Let \(H=(V,E) \) be an unweighted directed hypergraph and \(e\in E\) be an arbitrary directed hyperedge such that \(A=\{x_1,\ldots , x_n\}\xrightarrow {e}B=\{y_1,\ldots , y_m\}\) \((n,m \le |V|)\). We define the Ollivier–Ricci curvature of this hyperedge as

$$\begin{aligned} \kappa (e):=1-W(\mu _{A^{in}},\mu _{B^{out}}) \end{aligned}$$

where the probability measures \(\mu _{A^{in}}\) (called mass) and \(\mu _{B^{out}}\) (called hole), are defined on V as follows:

$$ \begin{aligned} \mu _{A^{in}}= & {} \sum _{i=1}^n \mu _{x_i}^{in}\ \; {\text{where}} \ \; \forall 1\le i\le n\; {\text{and}}\; \forall z\in V(H)\\ \mu _{x_i}^{in}(z)= & {} {\left\{ \begin{array}{ll} 0 &{}\quad z=x_i \; \& \; d_{x_i}^{in}\ne 0\\ \frac{1}{n} &{}\quad z=x_i \; \& \; d_{x_i}^{in}= 0\\ \displaystyle \sum _{e';x_i\in B_{e'},\; z\in A_{e'}} \frac{1}{n \times d_{x_i}^{in} \times |A_{e'}|} &{}\quad z\ne x_i \; \& \; z\in A_{e'}\\ 0 &{}\quad {\text{otherwise}} \end{array}\right. } \end{aligned}$$

and likewise

$$ \begin{aligned} \mu _{B^{out}}= & {} \sum _{j=1}^m\mu _{y_j}^{out} \ \; {\text{where}} \ \forall 1\le j\le m, z\in V(H):\\ \mu _{y_j}^{out}(z)= & {} {\left\{ \begin{array}{ll} 0 &{}\quad z=y_j \; \& \; d_{y_j}^{out}\ne 0\\ \frac{1}{m} &{}\quad z=y_j \; \& \; d_{y_j}^{out}= 0\\ \displaystyle \sum _{e';y_j\in A_{e'},\; z\in B_{e'}} \frac{1}{m \times d_{y_j}^{out} \times |B_{e'}|} &{}\quad z\ne y_j \; \& \; z\in B_{e'}\\ 0 &{}\quad {\text{otherwise}} \end{array}\right. } \end{aligned}$$

and \(W(\mu _{A^{in}},\mu _{B^{out}})\) is the \(1-\) Wasserstein distance between these two discrete measures defined as follows:

$$\begin{aligned} W(\mu _{A^{in}},\mu _{B^{out}})=\min _{{\mathcal {E}}\in \Pi (\mu _{A^{in}},\mu _{B^{out}})} \sum _{u\rightarrow A}\sum _{B\rightarrow v}d(u,v){\mathcal {E}}(u,v) \end{aligned}$$

where d(uv) is the length of a shortest path from u to v and for a transport plan \({\mathcal {E}}\), \({{\mathcal {E}}(u,v)}\) represents the amount of mass moved from vertex u to vertex v and \(\Pi (\mu _{A^{in}}, \mu _{B^{out}})\) is the set of transport plans, that is, probability measures on \(V \times V\) that have \(\mu _{A^{in}}\) and \(\mu _{B^{out}}\) as their marginals.
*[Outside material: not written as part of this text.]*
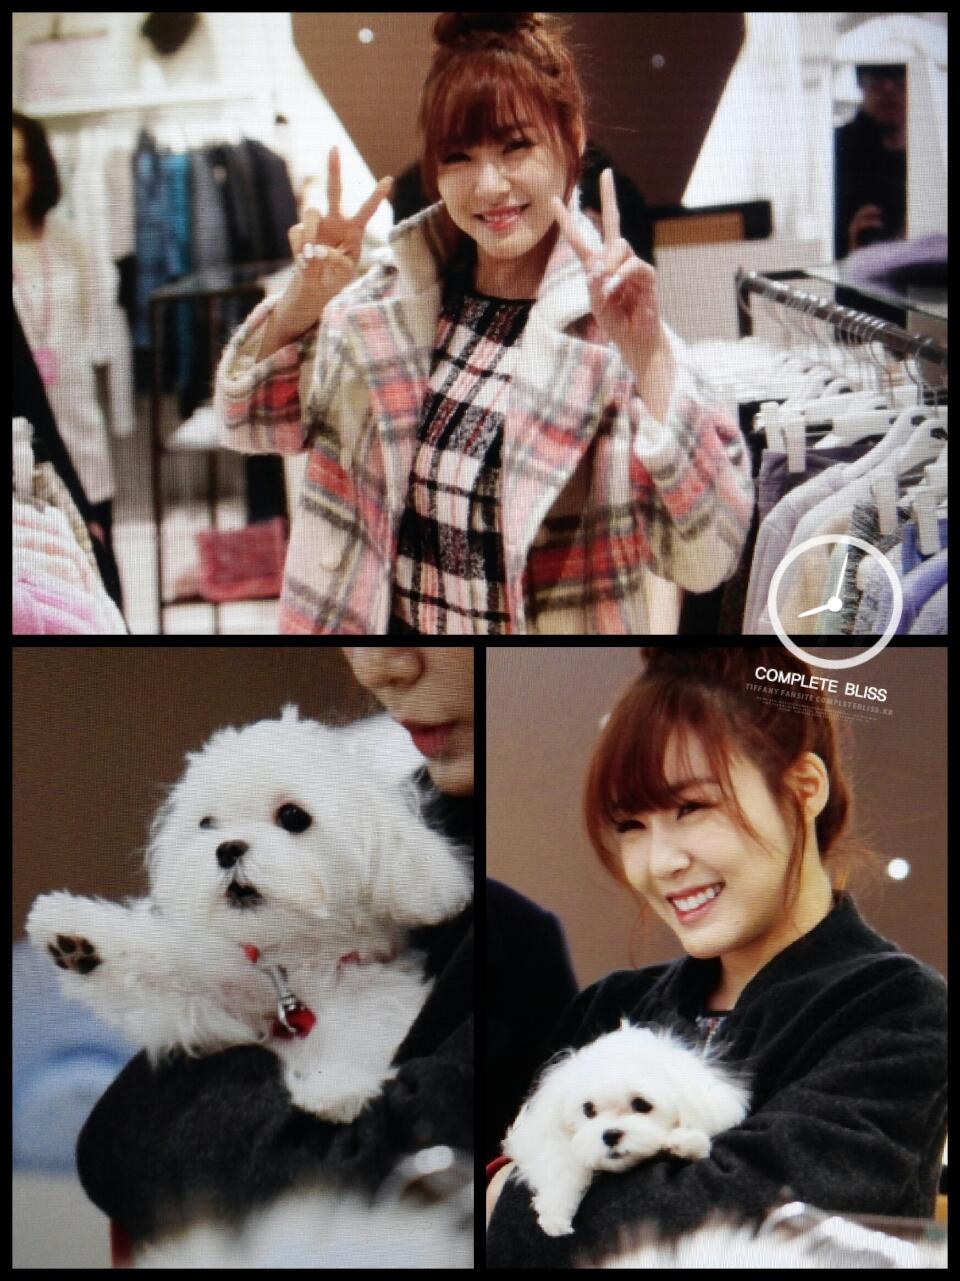 [PIC][28-11-2013]Tiffany ghé thăm cửa hàng "QUA" ở Hyundai Department Store vào trưa nay - Page 2 BaJCRZFCMAAKeOS

In other words, the minimum is taken over all couplings \({\mathcal {E}}\) between \(\mu _{A^{in}}\) and \(\mu _{B^{out}}\) which satisfy

$$\begin{aligned} \sum _{u\rightarrow A}{\mathcal {E}}(u,v)=\sum _{j=1}^m \mu _{y_j}^{out}(v)\text { and } \sum _{B\rightarrow v}{\mathcal {E}}(u,v)=\sum _{i=1}^n \mu _{x_i}^{in}(u) \end{aligned}$$

and by \(A^{in}(u\rightarrow A)\) we mean the vertices \(u \in V\) with \(\mu _{A^{in}}(u) \ne 0\). Similarly \(B^{out} (B\rightarrow v) \) refers to the vertices \(v \in V\) with \( \mu _{B^{out}}(v) \ne 0\).

Remark 2.1

Since we are working with directed objects, in this definition we had to provide for the situation where a vertex in the tail does not have incoming connections, or where a vertex in the head does not have any outgoing ones. In undirected networks, this is not an issue, because then the hyperedge in question itself provides both.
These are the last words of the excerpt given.